To answer these questions, we must first define art and its purpose. Why does art exist? And can art be objectively good? Or is it entirely relative?

I am reminded of The Abolition of Man, C. S. Lewis’ philosophical defense of objective value, in which the Oxford Don recounts a story of two tourists who observe a waterfall.

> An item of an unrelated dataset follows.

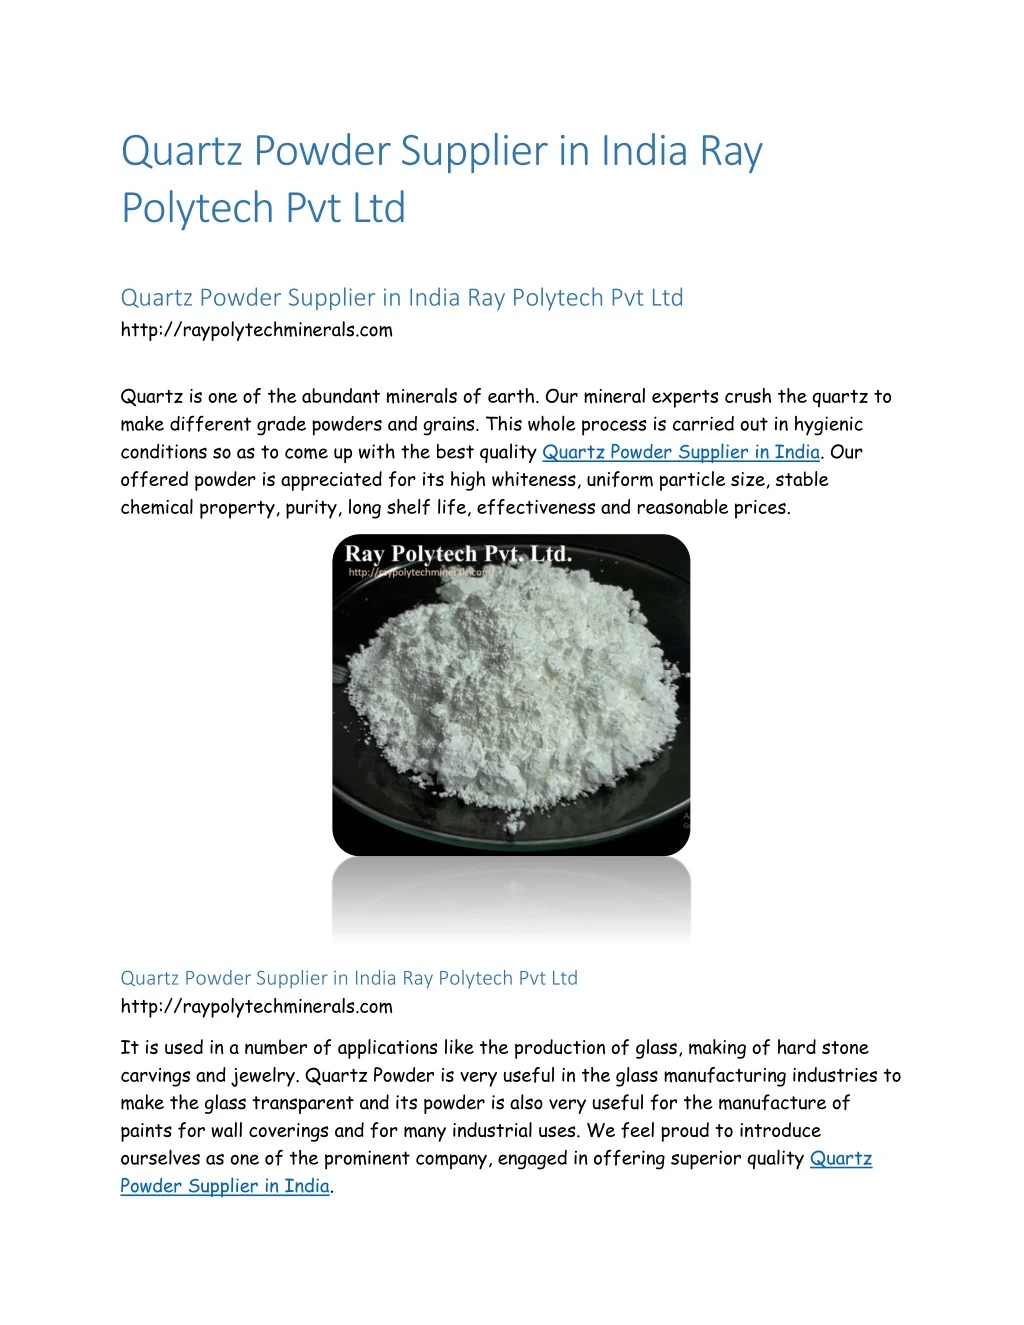 quartz powder supplier in india ray polytech

One remarks that the waterfall is “sublime.” The other says it is merely “pretty.” The story’s original teller (Samuel Taylor Coleridge) agrees with the first appraisal, but wholeheartedly rejects the second one (and Lewis seems to agree with him).

Lewis took serious issue with a schoolbook of his day, which he dubbed The Green Book (the book was actually called The Control of Language: A Critical Approach to Reading and Writing), for interpreting this account to mean that both Coleridge and the tourist called the waterfall sublime because it made them feel sublime.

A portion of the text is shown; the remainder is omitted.